[[ Material provided, beginning ]]

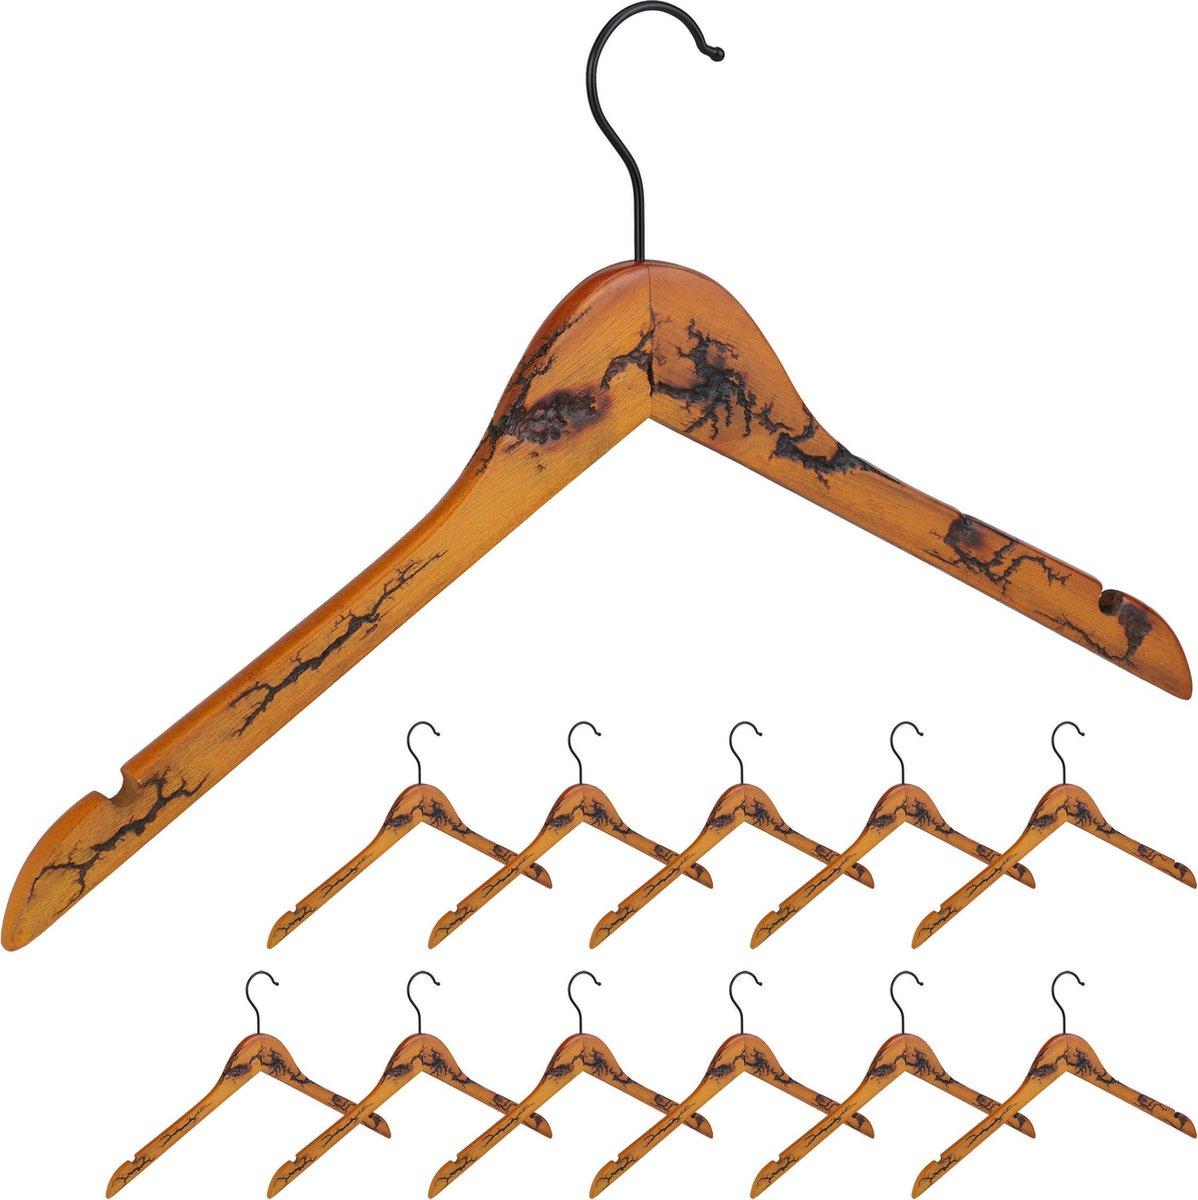 relaxdays houten kledinghangers - 5 stuks - kleerhangers hout - jashanger  - vintage - rok
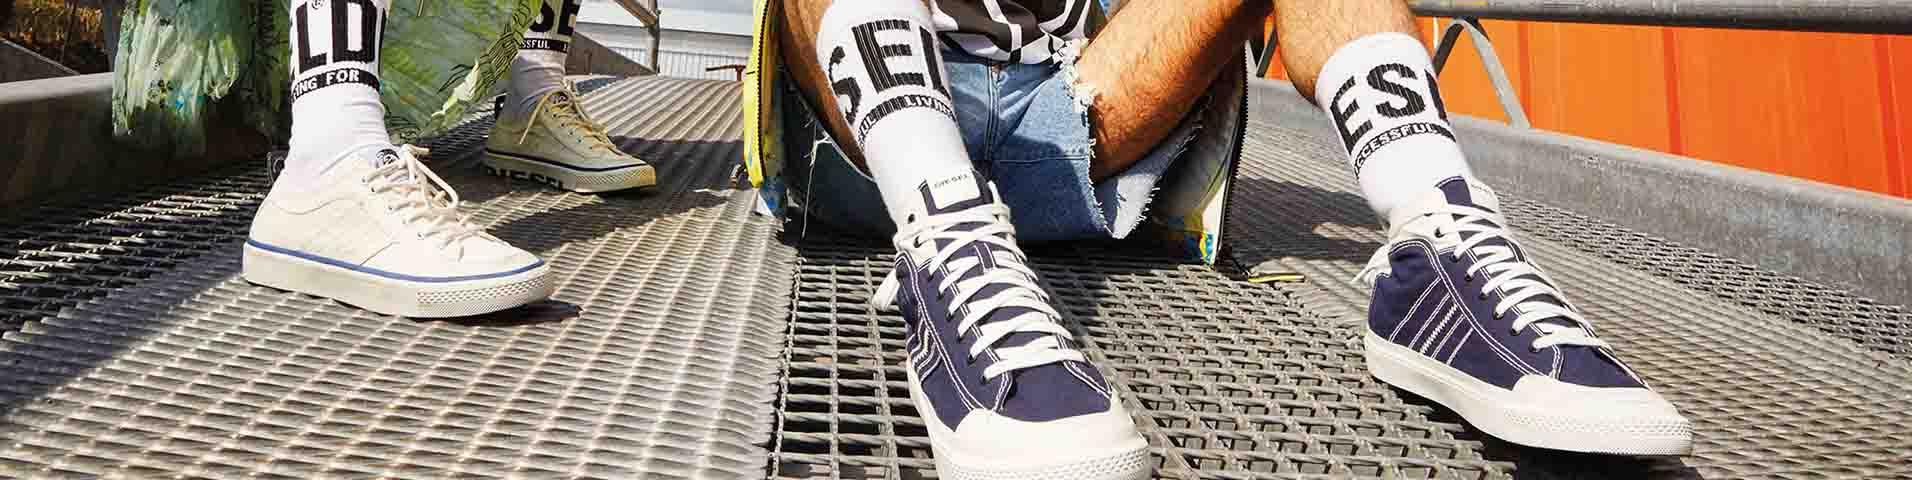 418552db96b10 Diesel Men's Trainers | Running Shoes | ZALANDO UK
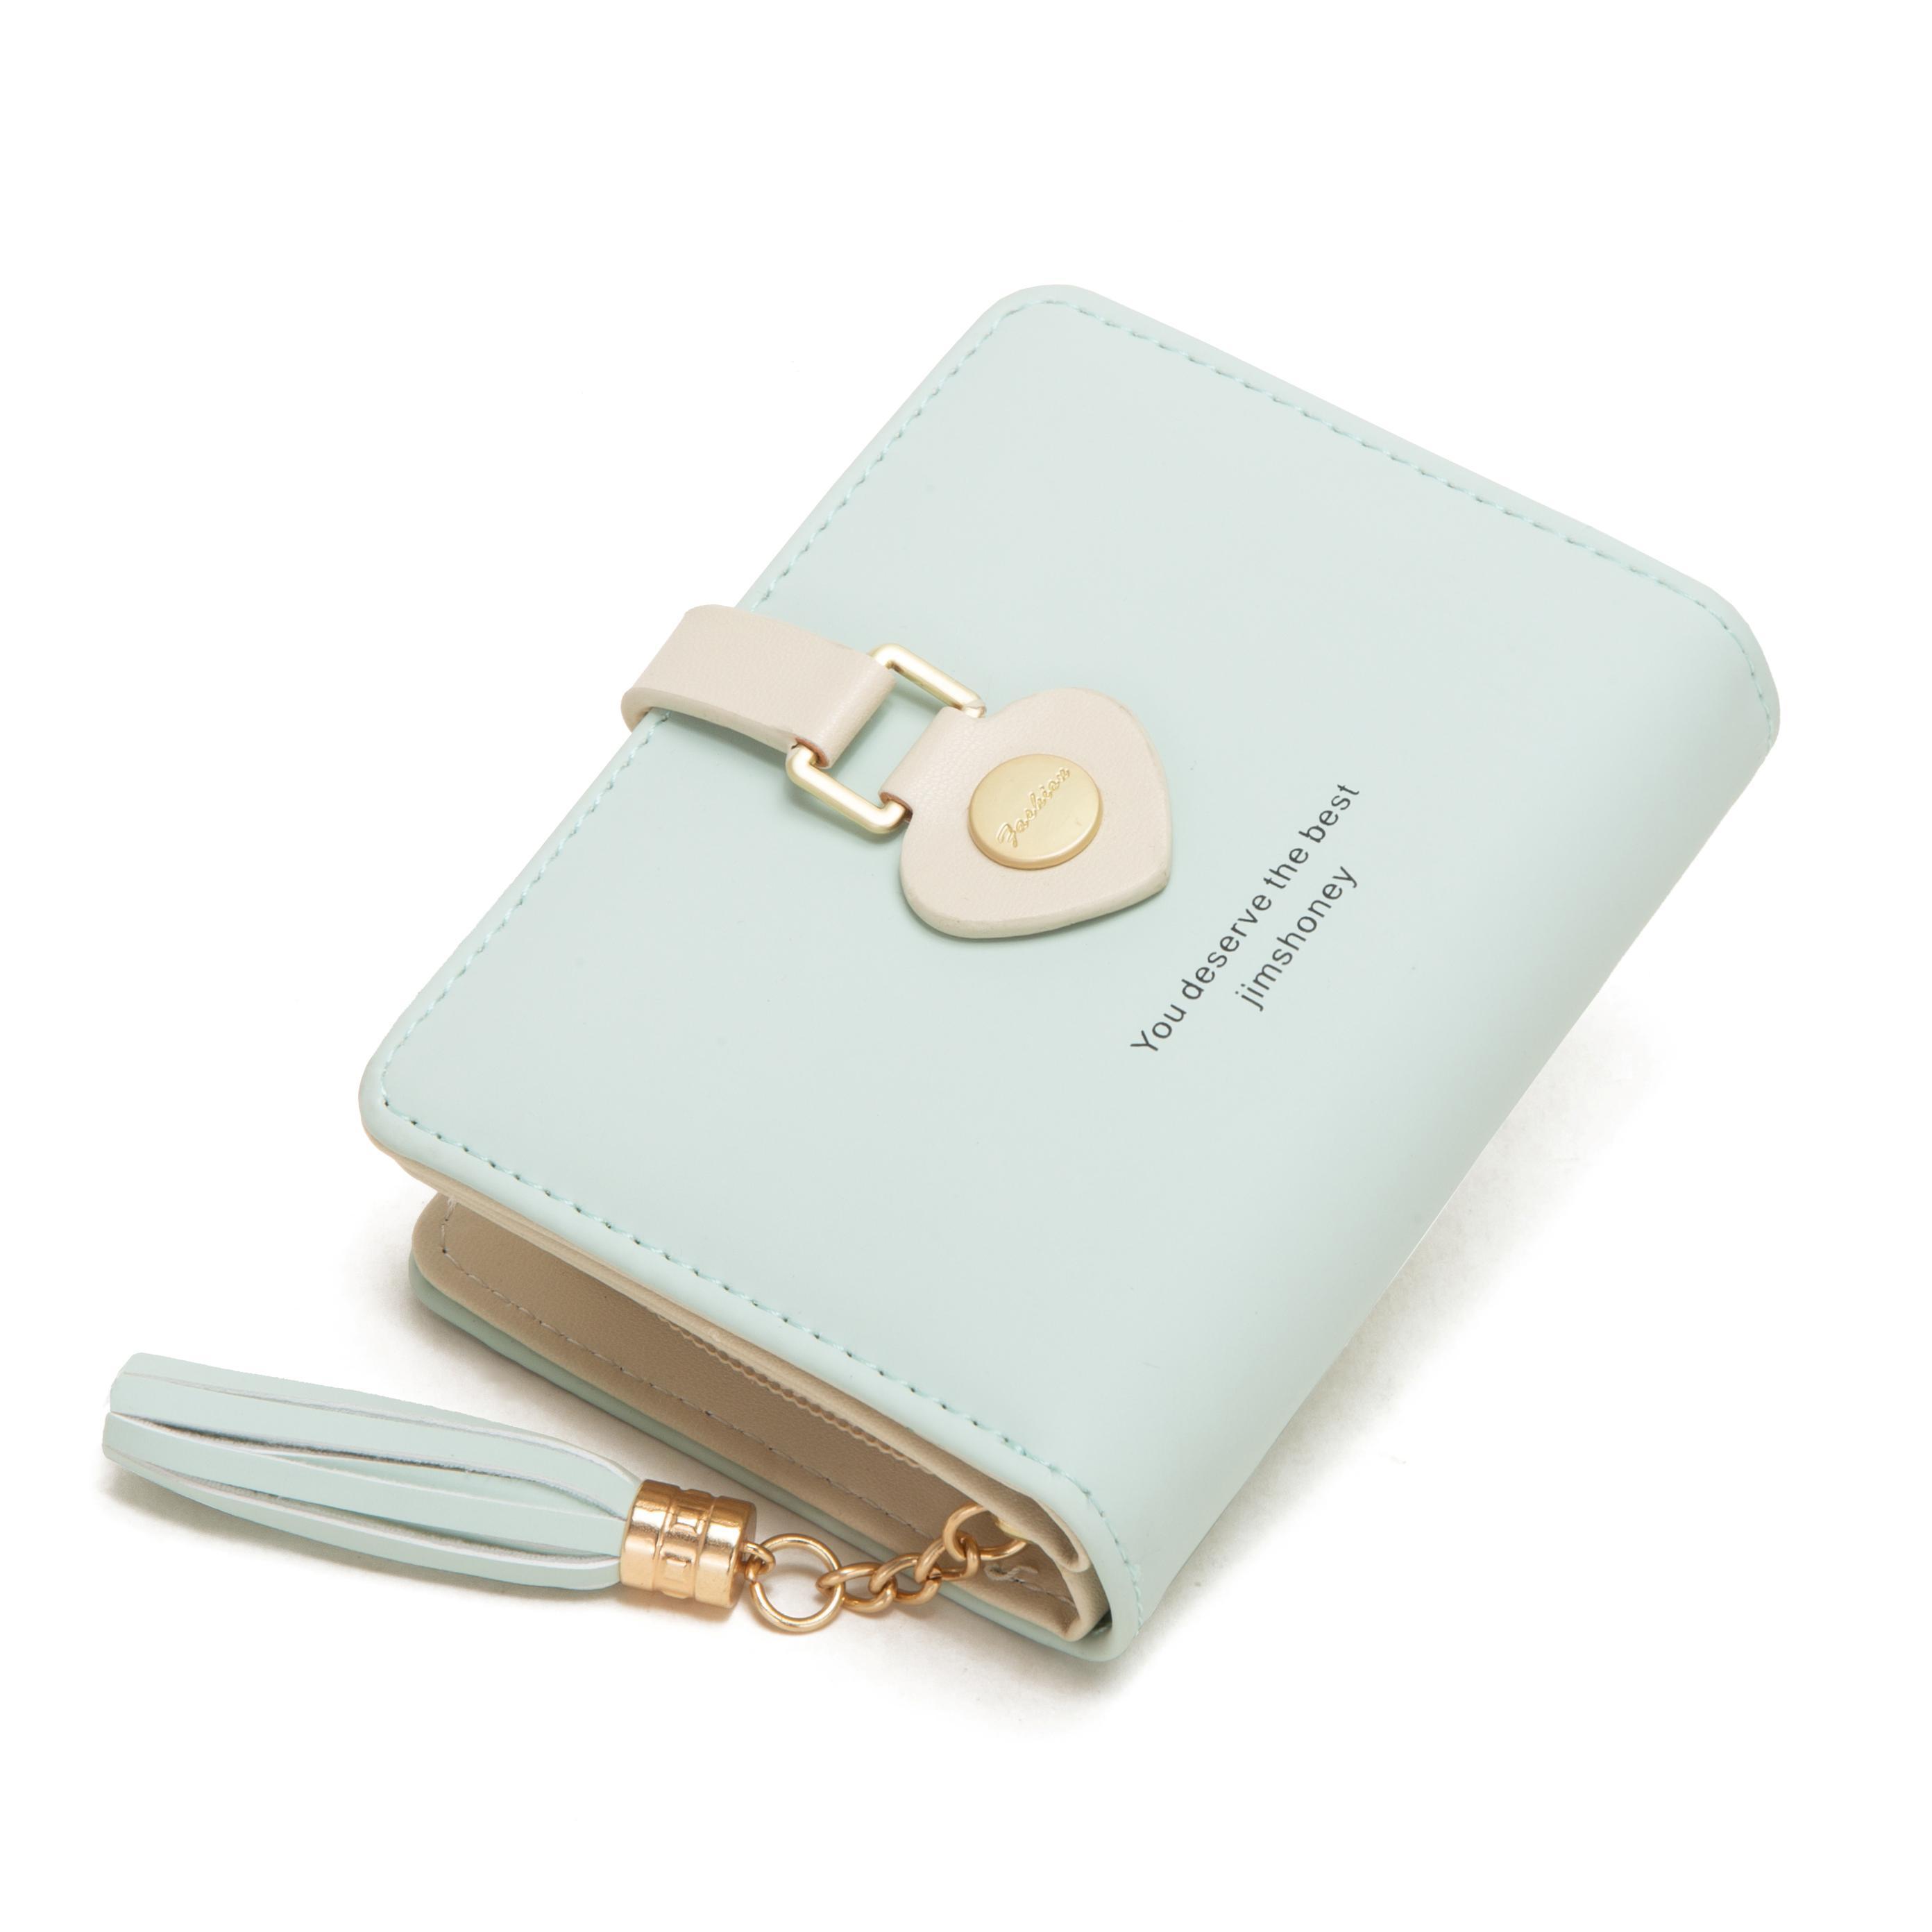 Jims Honey - Mini Kierra Wallet Dompet Wanita Ukuran Kecil
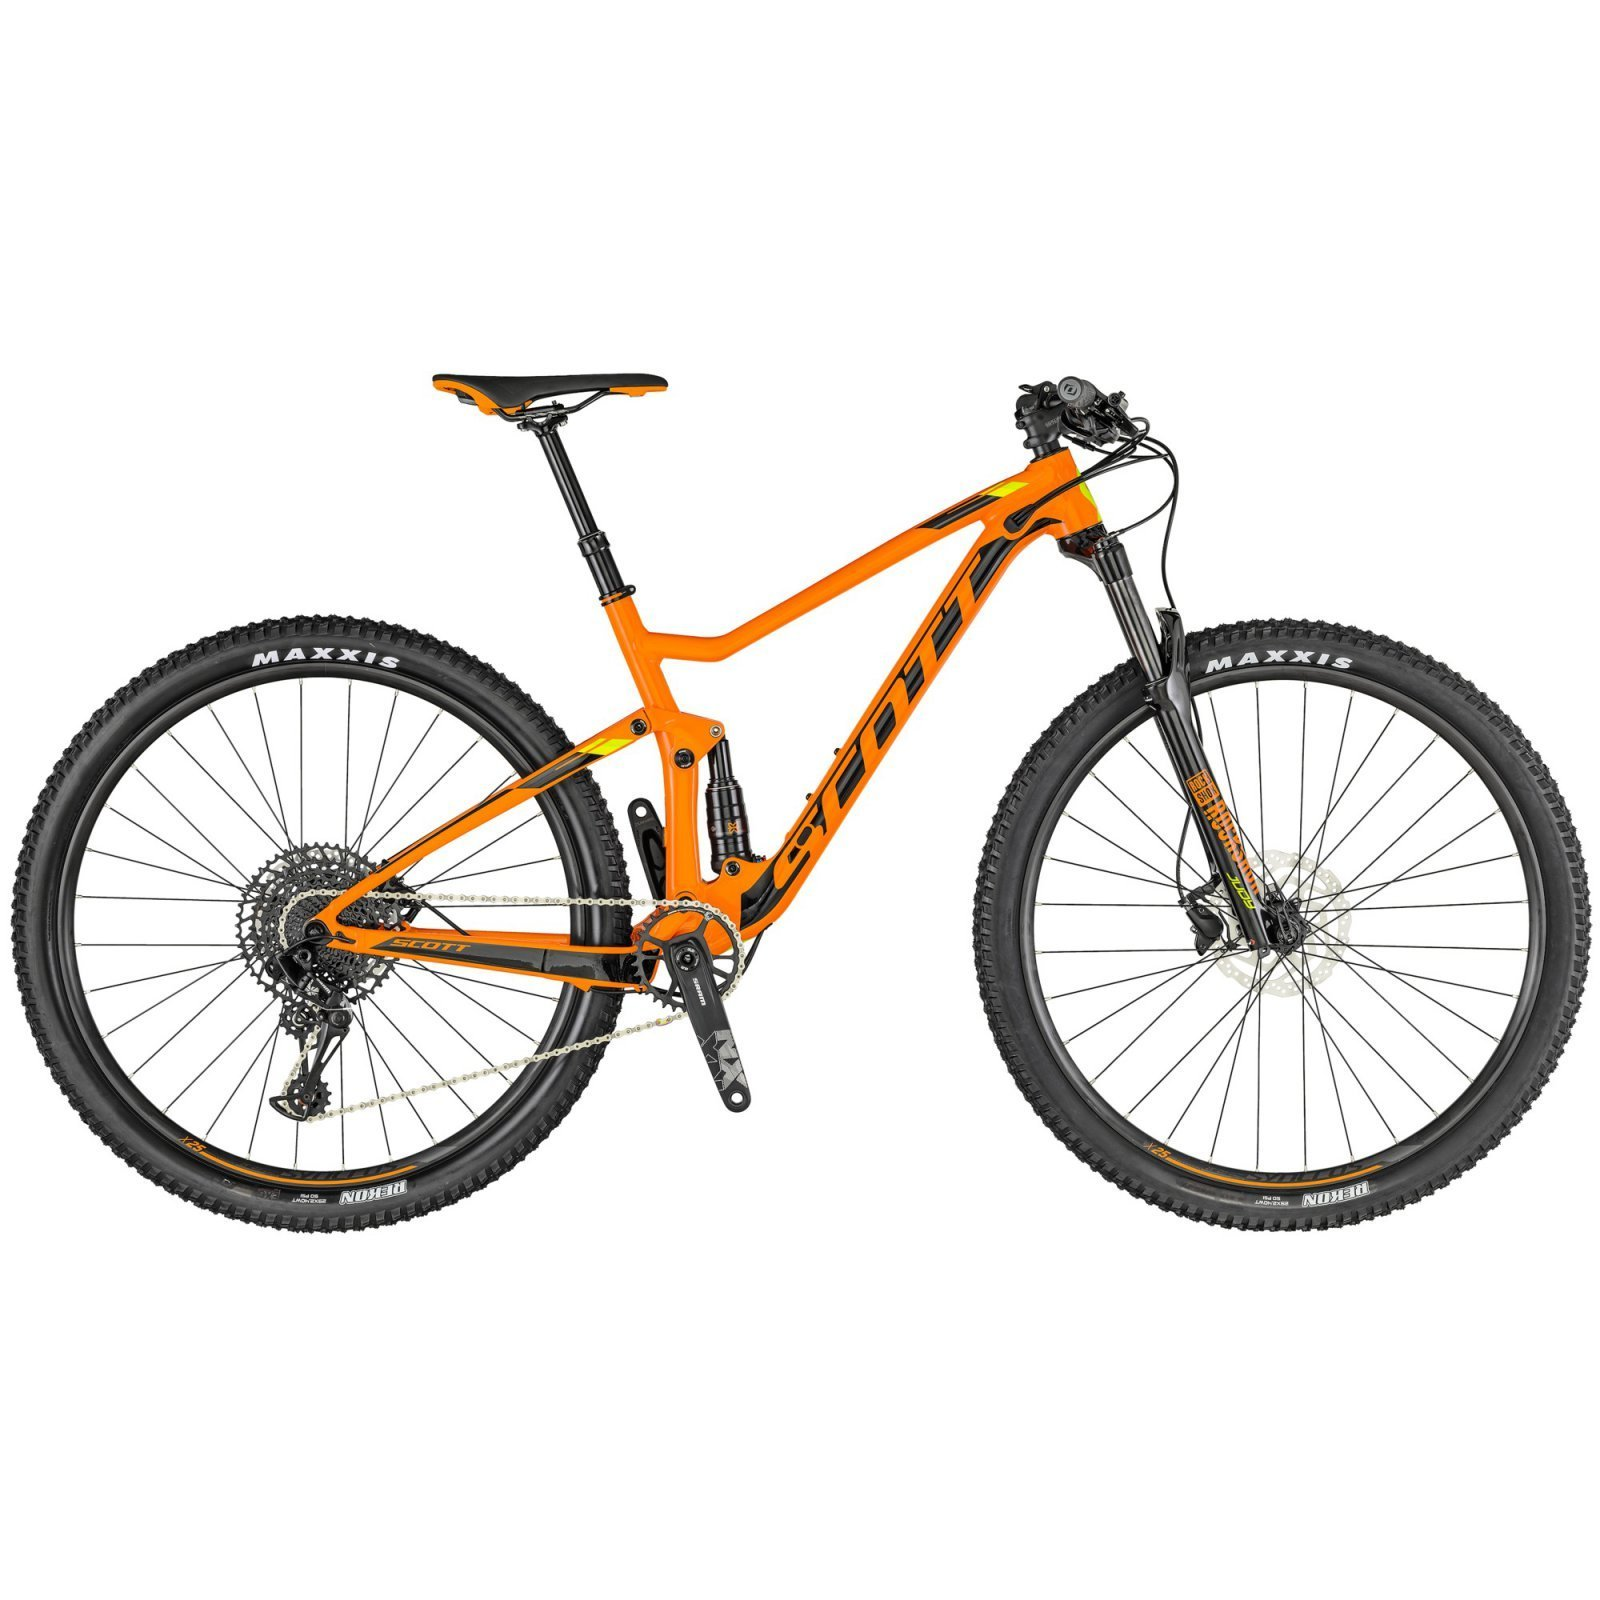 Bicicleta Scott Spark 960 2019

[[ Material provided, end ]]

Required work: Make an exact reproduction of the listing above, without any pictures.

Final answer:
 relaxdays houten kledinghangers - 5 stuks - kleerhangers hout - jashanger  - vintage - rok
 418552db96b10 Diesel Men's Trainers | Running Shoes | ZALANDO UK
 Jims Honey - Mini Kierra Wallet Dompet Wanita Ukuran Kecil
 Bicicleta Scott Spark 960 2019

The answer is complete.